Переживая прошлое (СИ) - Косачев Александр Викторович (читаем книги бесплатно .txt) 📗
– Эй, – произнесла Арина, щелкая пальцами, – ты уставился на мою грудь!
– Ой, извини, задумался, – ответил я, внушая себе, что она моя дочь, нельзя даже думать о ней. Я понимал, что мысли – предвестники действий, и поэтому купировал себя на ранней стадии патогенеза.
– Тебе нужно отдохнуть, ты ведь не отдыхал уже очень долго.
– Меня некому подменить, – ответил я, отводя взгляд от Арины, чтобы случайно не начать думать о том, как я к ней прикасаюсь.
– Ты лучше о себе подумай. Никуда не денутся твои пациенты. Все, что они видят – это белые стены, кровать, туалет и столовка.
– Они выходят на прогулку.
– О, да! Свобода!
– Ты не хуже меня знаешь, что им тут безопаснее, – ответил я.
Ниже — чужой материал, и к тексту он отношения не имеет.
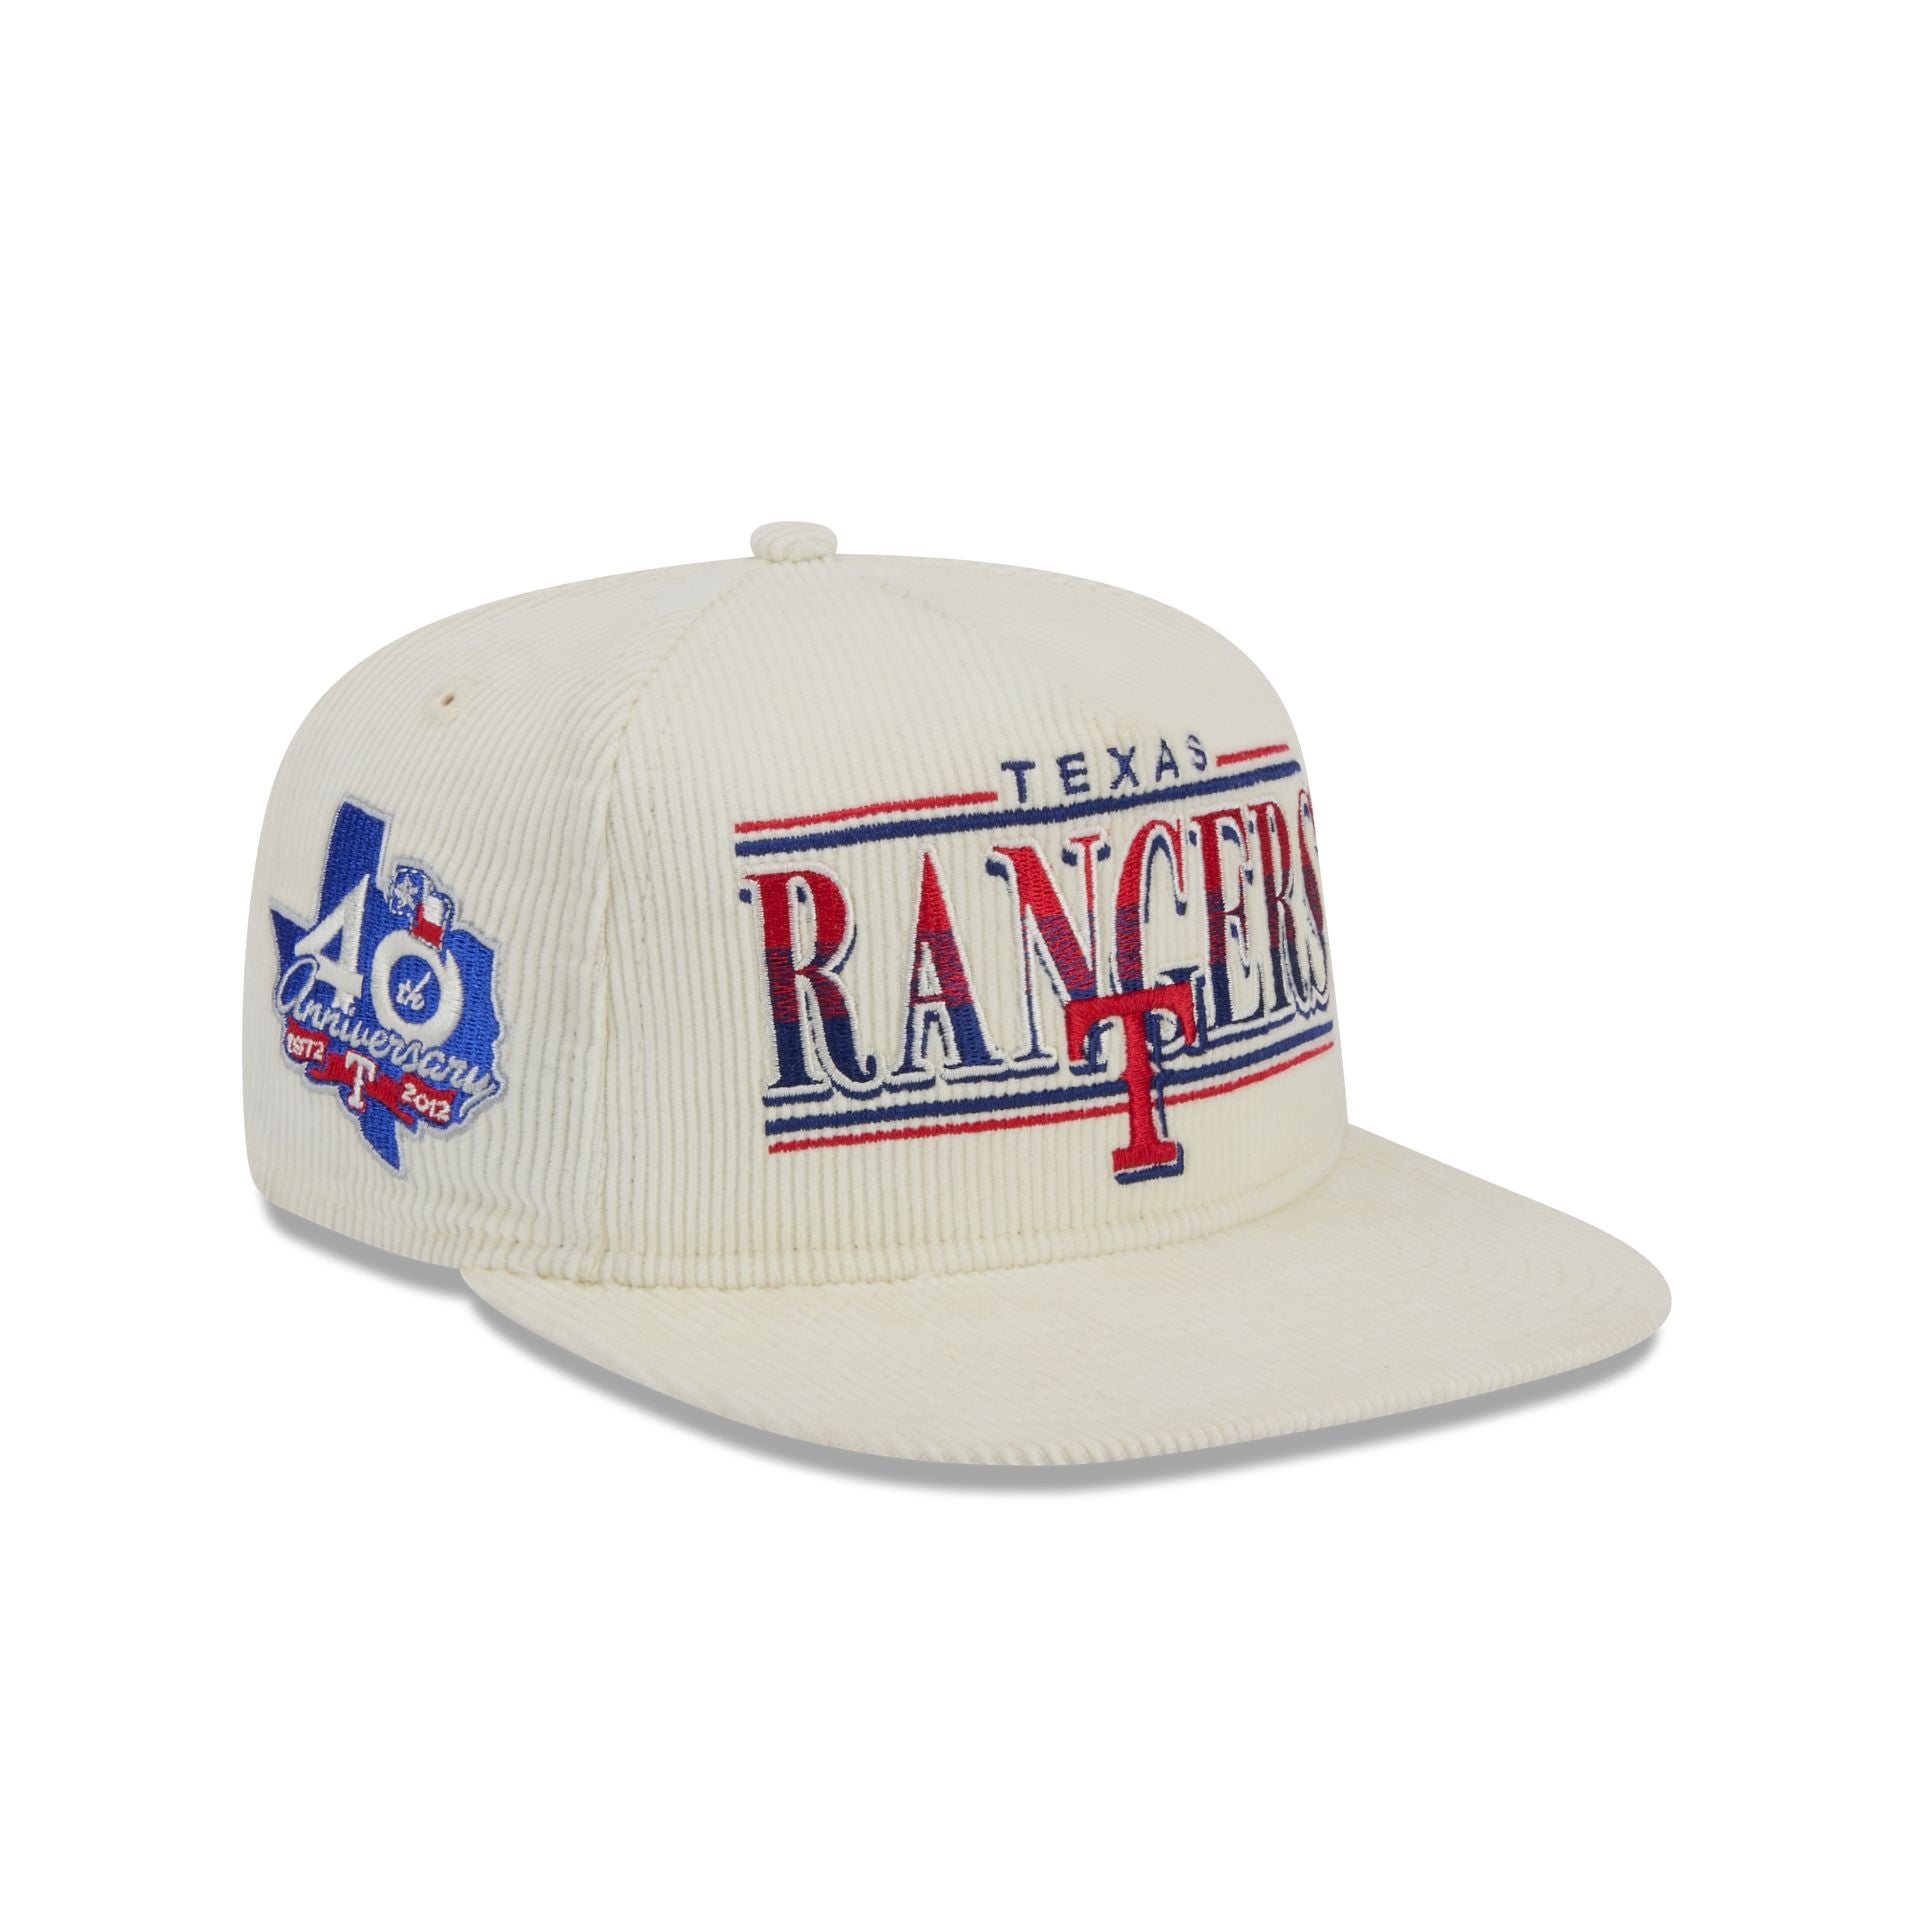 Texas Rangers Throwback Corduroy Golfer Hat, White, MLB by New Era

– Запирать человека в клетку, но от кого? Пора признать, что мы стремимся спрятать инакомыслящих людей, чтобы они не напоминали нам о том, что наша система ценностей больна. Существование законов говорит о несостоятельности системы. Существование психиатрических больниц – о том, что сами ценности изначально порочны. Нас воспитывают больными и уводят к аморфным целям, чтобы лишить всего. Эпоха средневековья в 21 веке не может быть здоровой только потому, что у нас нет желания пробовать новое! Мы его боимся! Нас воспитали в страхе! Не послушаешься родителей – получишь ремня. Для ребенка это очень веский довод не исследовать мир!
– Ой, доченька, – улыбнулся я, опираясь на кресло, – а ты-то почему думаешь иначе?
– А ты меня не сдерживал в знаниях и ничего не навязывал, старался соблюдать нейтралитет и поступил правильно. Спасибо тебе за это, – она обняла меня и поцеловала в щеку. Я же оставался неподвижным, боясь навредить Арине или начать желать ее. Мои чувства смешались, я находился в пограничном состоянии между животным и человеком.
Перенесенные психотравмы породили девиации различного уровня, от этого сильно пострадало восприятие, которое и без того не было радужным. Живя второй раз, любой бы начал сомневаться в ценностях общества, ведь возвращаясь в ту же самую жизнь, человек получает, как минимум, один ответ: устои общества не истинны. А если не истинны, то зачем ограничивать себя псевдоморалью и фиктивной нравственностью?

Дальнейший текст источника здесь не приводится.